Tar sand deposits occur throughout the world and the largest deposits occur in Alberta, Canada (the Athabasca, Wabasca, Cold Lake, and Peace River areas), and in Venezuela. Smaller deposits occur in the United States, with the larger individual deposits in Utah, California, New Mexico, and Kentucky.
The term bitumen (also, on occasion, referred to as native asphalt, and extra heavy oil), which is the organic component of tar sand, includes a wide variety of reddish brown to black materials of semisolid, viscous
to brittle character that can exist in nature with no mineral impurity or with mineral matter contents that exceed 50% by weight. Bitumen is frequently found filling pores and crevices of sandstone, limestone, or argillaceous sediments, in which case the organic and associated mineral matrix is known as rock asphalt However, bitumen from different
deposits (eg, deposits in the United States and Canada, exhibit a variety of properties).

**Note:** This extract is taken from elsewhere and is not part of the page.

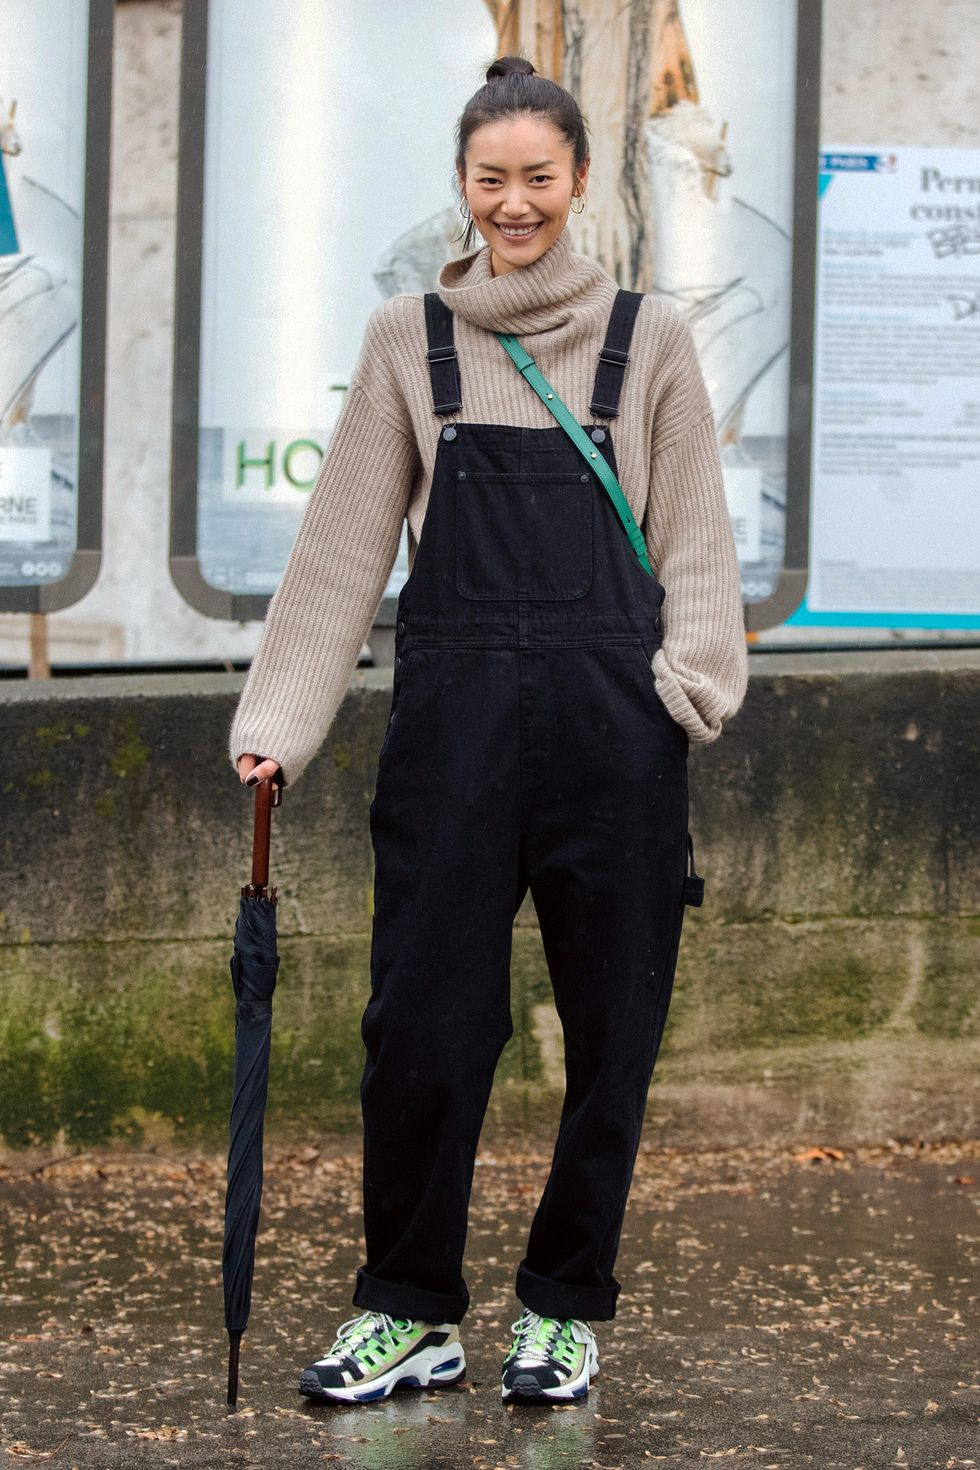 Bạn không cần phải mặc một chiếc quần yếm bó sát cơ thể. Ghi chú từ người mẫu Liu Wen, người đã chọn một chiếc quần ống rộng mà cô mặc bên ngoài chiếc áo cổ lọ màu be nhạt. Đây là combo mùa thu đông bạn nên thử.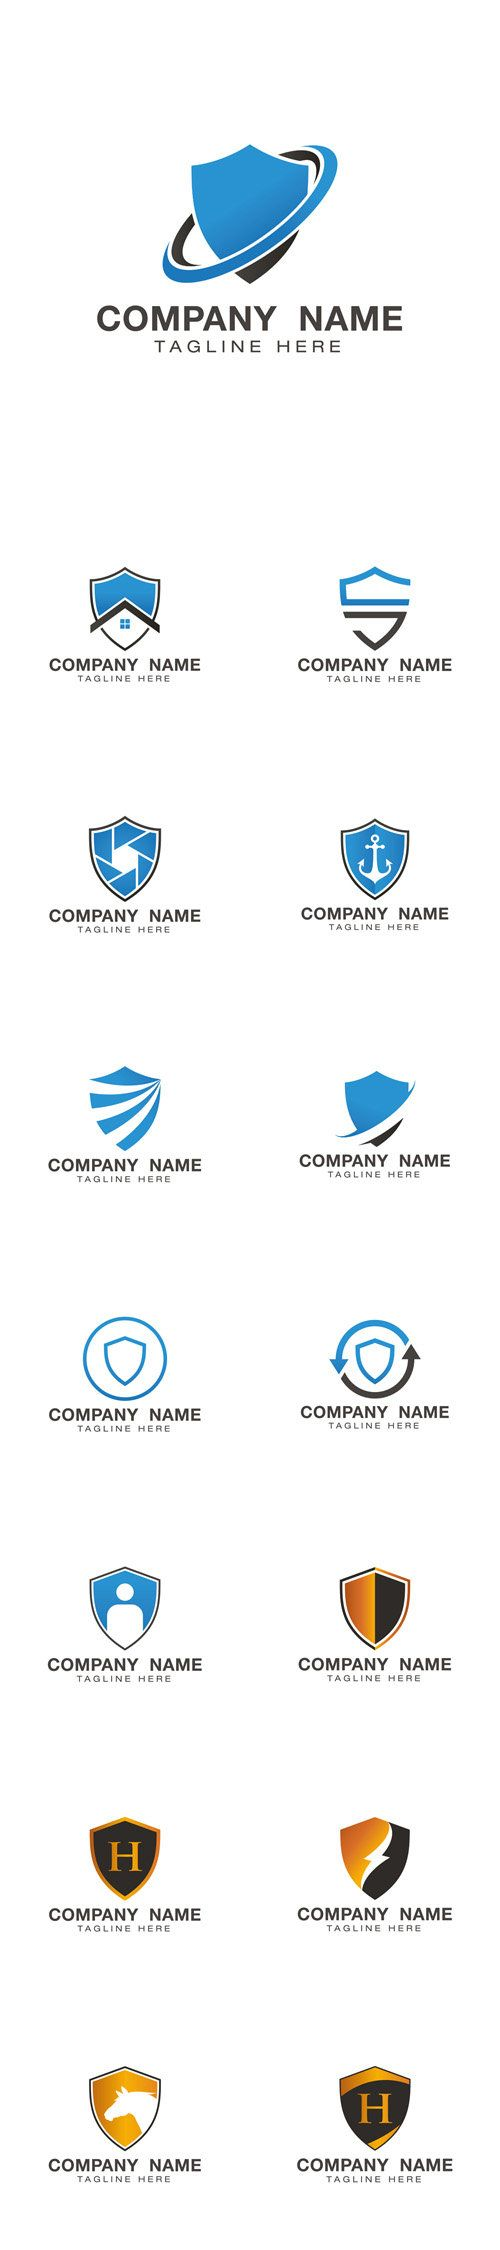 Vectors - Shield Logo Design

Bitumen is a naturally-occurring material that is found in deposits where the permeability is low and passage of fluids through the deposit can only be achieved by prior application of fracturing techniques.

Tar sand bitumen is a high-boiling material with little, if any, material boiling below 350°C (660°F) and the boiling range is approximately the same as the boiling range of an atmospheric residuum.